F5: On May 13, 2021, SLP IV Seal Holdings, L.P. ("Seal"), SLP IV Seal II Holdings, L.P. ("Seal II") and NortonLifeLock Inc. (the "Issuer") entered into a Convertible Notes Purchase Agreement pursuant to which the Issuer purchased an aggregate of $250,000,000 principal amount of 2.500% Convertible Senior Notes due 2022 (the "2.500% Convertible Notes") from Seal and Seal II for aggregate cash consideration of $365,444,853.04, which consideration includes accrued and unpaid interest through the date of settlement..
F6: Represents the approximate conversion price of the 2.500% Convertible Notes, based on the conversion rate calculated pursuant to the Indenture, dated as of February 4, 2020, by and between the Issuer and Wells Fargo Bank, National Association, as trustee.
F7: Pursuant to the Investment Agreement, dated as of February 3, 2016, as amended, Seal and Seal II were restricted, subject to certain exceptions, from converting the 2.500% Convertible Notes prior to October 1, 2021.
F8: The 2.500% Convertible Notes were scheduled to mature on April 1, 2022, subject to earlier repurchase or conversion in accordance with their terms.
F9: This number represents the number of shares of Common Stock issuable upon conversion of the 2.500% Convertible Notes if the Issuer were to elect to settle its conversion obligation solely through the delivery of a number of shares of Common Stock and cash in lieu of fractional shares of Common Stock, per $1,000 principal amount of 2.500% Convertible Notes, based on the current conversion rate of 59.6341 shares of Common Stock per $1,000 principal amount of 2.500% Convertible Notes. The conversion rate was subject to adjustment from time to time upon the occurrence of certain customary events in accordance with the terms of the indenture governing the 2.500% Convertible Notes.
F10: These securities are held by Seal. SLP IV Seal GP, L.L.C. ("Seal GP") is the general partner of Seal.
F11: These securities are held by Seal II. SLP IV Seal II GP, L.L.C. ("Seal II GP") is the general partner of Seal II.

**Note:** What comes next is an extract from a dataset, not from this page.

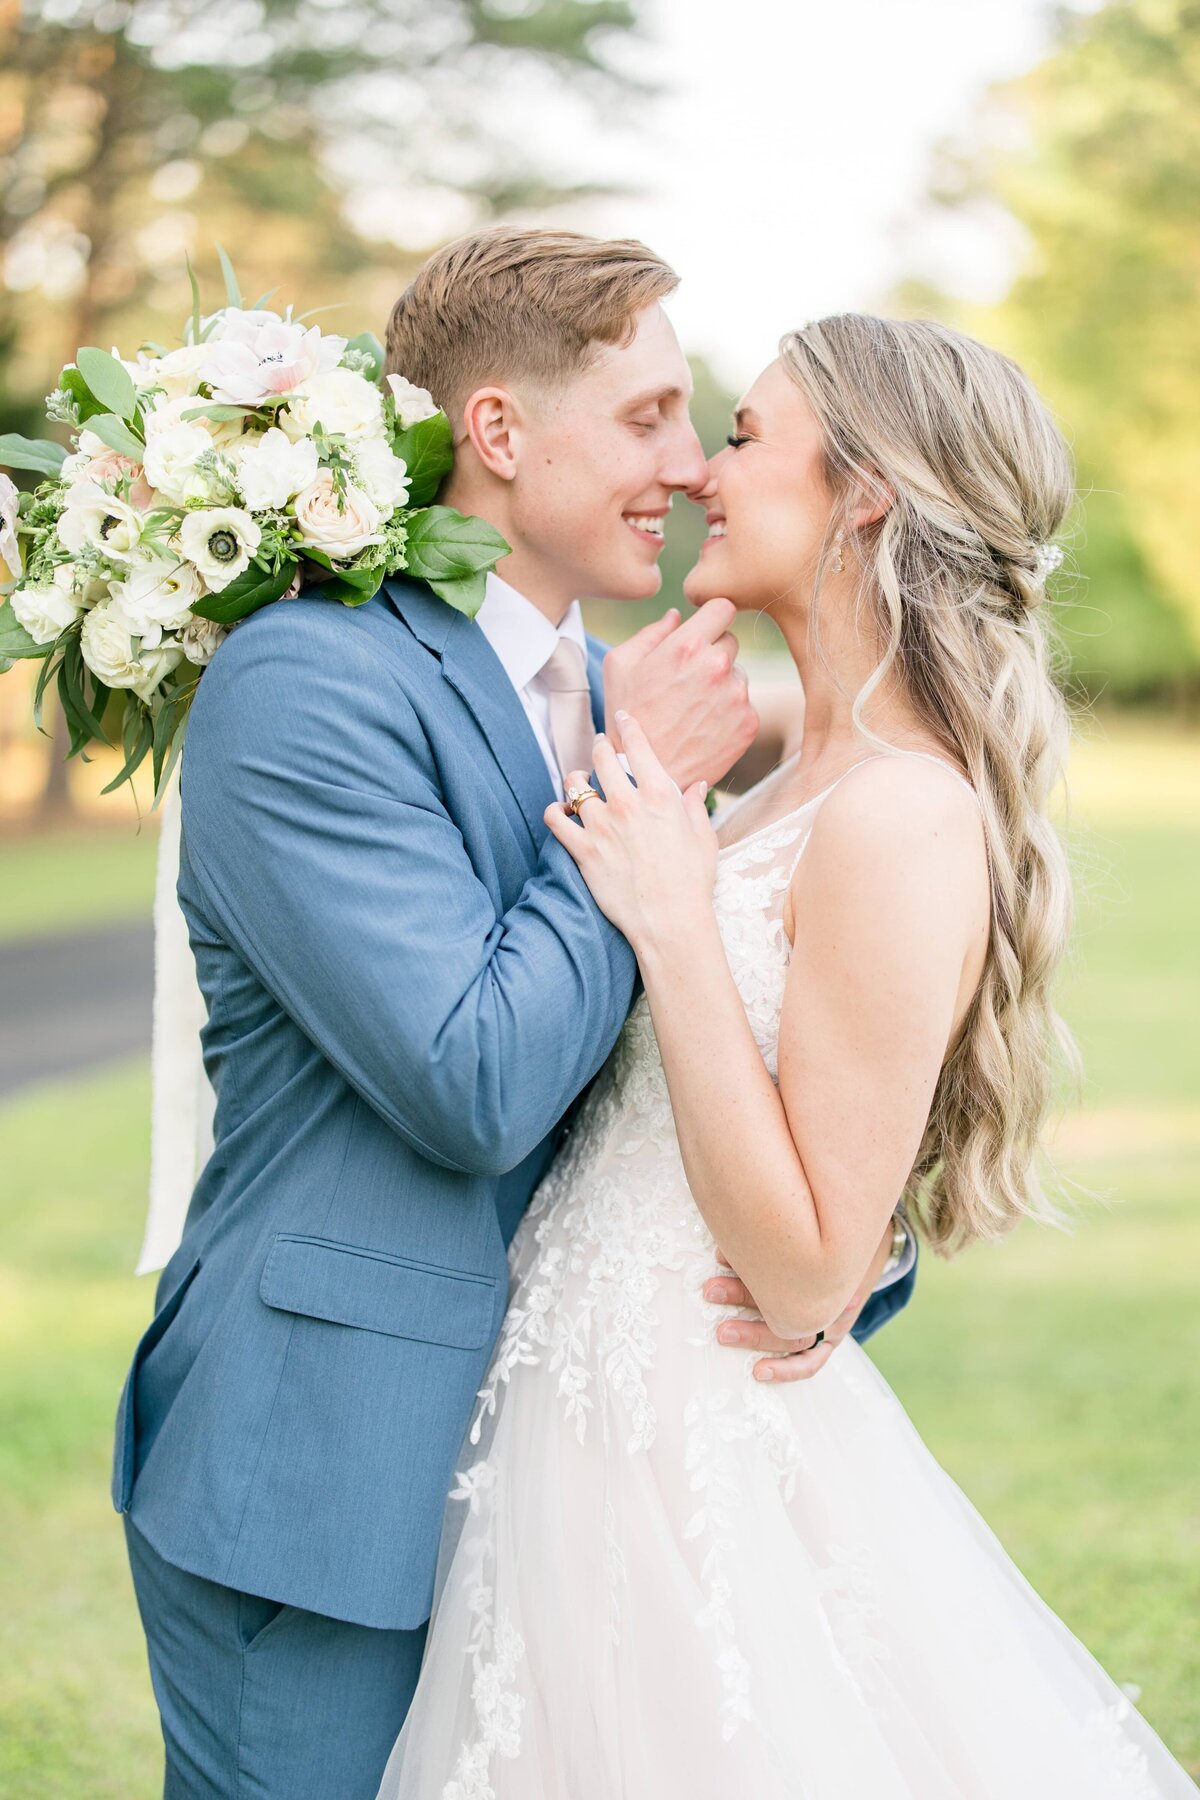 Samantha & Connor's Spring Wedding at the Sonnet House - Katie & Alec Photography Birmingham, Alabama Wedding Photographers 21

F12: Silver Lake Technology Associates IV Cayman, L.P. ("SLTA") is the sole member of each of Seal GP and Seal II GP. Silver Lake (Offshore) AIV GP IV, Ltd. ("AIV GP") is the general partner of SLTA. Mr. Hao serves as a member of the board of directors of the Issuer and is a director of AIV GP. Each of Seal, Seal II, Seal GP, Seal II GP, SLTA and AIV GP may be deemed to be a director by deputization of the Issuer.